Like that mass of people who gathered to listen to the words of Jesus long ago, we come to this meal, many of us, hungry and thirsty. We come to the table—in this case picnic benches-- longing for signs of grace, in need of healing. We can identify with what those early seekers were hungry for: hope in a desperate land; the healing of our souls as well as our bodies, the taste of some holy community, the kind of community where people share in a spirit of abundance, even when they have little to share.
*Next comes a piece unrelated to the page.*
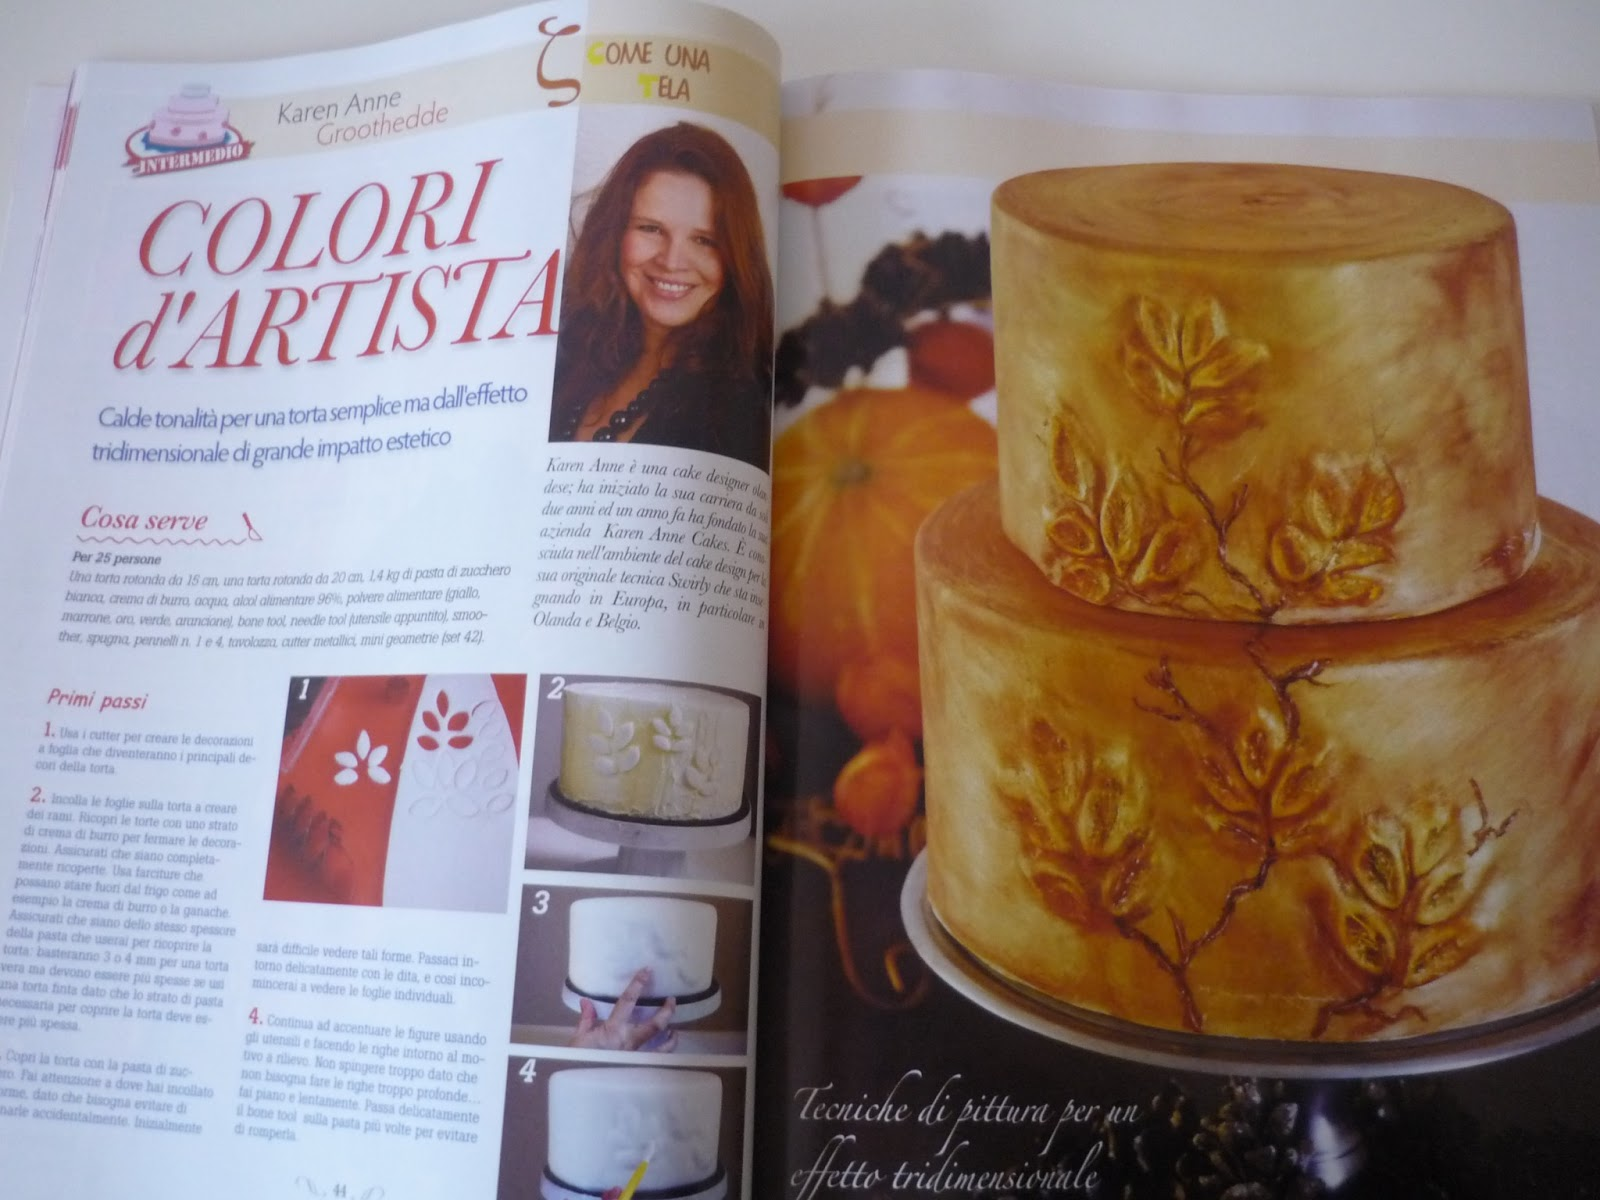 Karen Anne Cakes: Karen Anne Cakes in Cucina Chic Cake Design Magazine

Some of us are experiencing or are caring for those experiencing—severe physical pain. Some of us, like the members of my family, are experiencing grief, in all its messiness and unpredictability. And some of us are hungry for some love, some friendship, as we live with solitude, or wrestle with fragmenting relationships. Some of us are thirsty for justice, in a time when power raises its head most arrogantly in the interest of greed and spawns hatred for its purposes. We come to the table hungry and thirsty in so many ways—and I for one often as a preacher confess that I often come to you on Sunday morning with the self-same question as Jesus’ disciples could not answer so long ago: “Where are we to buy bread, so that these people may eat?” Of course, it is that stumbler the apostle Simon Peter who stumbles on a beginning to an answer still loaded with a question: “There is a boy here who has five barley loaves and two fish, but what are they for so many?”
Recently a friend of mine in Latin America posted a cartoon in Spanish. In one picture there is a wealthy tycoon invoking the name of Jesus Christ as he takes advantage of those who have so little already. In the next picture, a military dictator is using the name of Jesus to justify violent repression. And there are more. You get the idea. In the final image we see a long-haired Jesus, showing up to a government office: “I’m here to apply for a name-change….” The reign of God is a commonwealth not bread and circus. It begins with barley loaves and a couple of fish. And the Jesus we gather with will not put up with the misuse of his name for unholy ends. For he is, first and last, the one who mobilizes and inspires and meets the needs of the hungry crowd of humanity.
I believe that is the Jesus who is in the midst of us today, as we break bread, I mean hamburger buns, by these waters. This Jesus asks us to look among us, to find what it takes, to feed the hungry, to speak truth to power, to comfort the grieving, to heal the broken in body, mind and spirit. This Jesus does not want to be used for the purposes of kingship and wealth, influence-peddling. This Jesus will multiply the loaves and fishes still, create abundance even as we share what little bits and fragile gifts we bring.
God does not ask us to come up with what we do not have. Grace is a potluck picnic, where every one provides what they have, and where it turns out that surprising folk have the gifts it takes to feed the five thousand—with the help of God. Grace is a community brunch where someone runs to the grocery store, when supplies run low. Grace is a little congregation with a powerful word to the world, gathered next to a pond on a sunny morning in Schenectady, after a long tough rainy hot week. And the word that will feed us is Love.
So, as we go to eat today, I ask you one favor. Don’t take the bread for granted, don’t take the community for granted, don’t take the waters of grace for granted. Christ is in the midst of you, and this is but the first course, of the extraordinary feast that is across the waters, the end of the hard row, the assurance in the stormy crossing ahead.